1. Resolving AGR confusion: Charge GST on the total bill, make other levies VAT-able

Resolving AGR confusion: Charge GST on the total bill, make other levies VAT-able

Charge GST on the total bill, make other levies VAT-able.

By: | New Delhi | Published: February 14, 2018 3:18 AM
 GST, VAT-, gcr, economy, indian economy, revenue If a bill of Rs 100 is raised from a consumer, it says, let’s treat this as the revenue—forget the distinction between AGR and GR for right now.

In an ideal world, given the government charges so much from telecom companies by way of spectrum bids—as a share of industry revenues, spectrum bids plus licence fee (LF) and spectrum usage charges (SUC) to government are up from 11% of industry revenue in FY07 to 32.4%·in FY17—both LF and SUC need to be reduced dramatically.

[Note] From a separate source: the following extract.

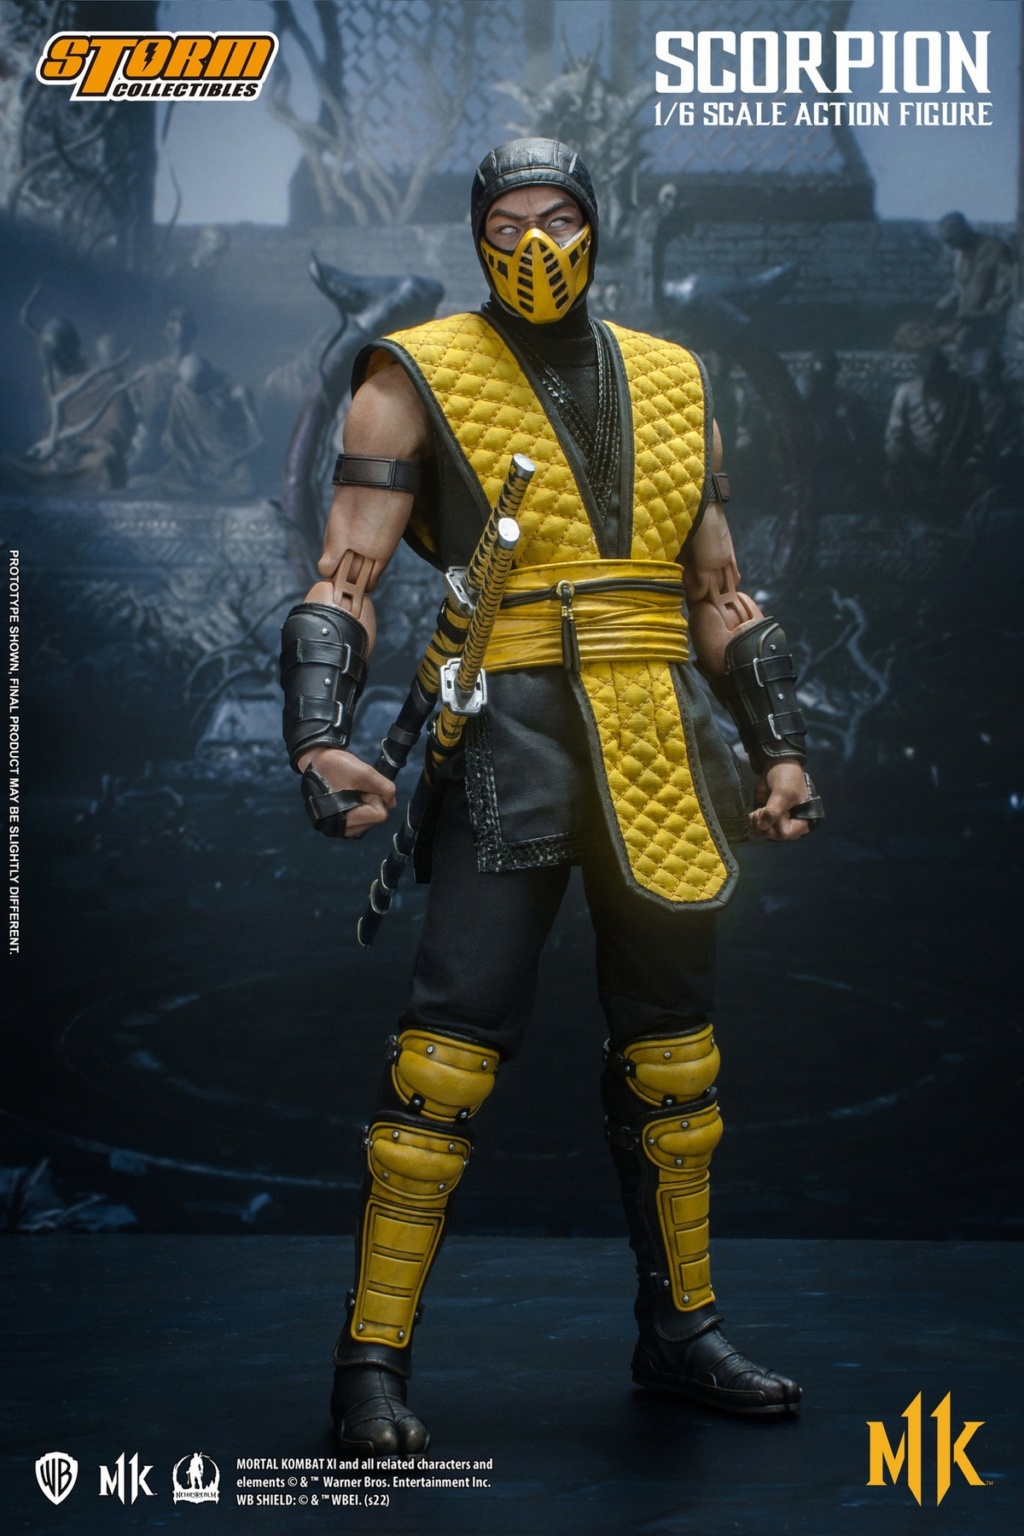 Scorpion - NEW PRODUCT: Storm Toys: 1/6 "Mortal Kombat" Series - Scorpion/Scorpion Action Figure 1eadc710

Ideally, this should be a fixed sum, just enough to fund the administrative expenses of the telecom sector, or perhaps 03-0.5% of the industry’s turnover. What the turnover is, though, is a contentious matter since both LF and SUC are levied on what is called adjusted gross revenues (AGR) and despite various court rulings, there is no clarity on what can be deducted from GR to arrive at AGR. The Cellular Operators Association of India (COAI) is now proposing a solution to the vexatious problem that is worth considering.

If a bill of Rs 100 is raised from a consumer, it says, let’s treat this as the revenue—forget the distinction between AGR and GR for right now. The government will get Rs 18 from this as the GST component, exactly as it does today. Telecom companies now have to pay, say, X per cent of the GR as LF and SUC—any revenue-share based on AGR eventually translates into a revenue-share based on GR after all. So when, say, an RJio or a Vodafone has to make a payment to a Bharti Airtel for incoming calls—the interconnect usage charge—let it deduct part of the X it has paid for LF/SUC; that is, allow the LF/SUC charges to be VAT-able or, to use the new term, GST-able. The government will end up getting a slightly lower LF/SUC compared to what it got in the past since telcos will end up using some part of this as an input credit, but there are several advantages of trying out this model. For one, the tax burden—that is what LF/SUC really amount to—gets reduced by a few percentage points. Two, and more important from the government’s point of view, the debate over the definition of AGR and GR gets resolved immediately. Even if the government decides to, in the new telecom policy, to lower LF/SUC to a more reasonable amount, the same principle of VAT-ability is a good one.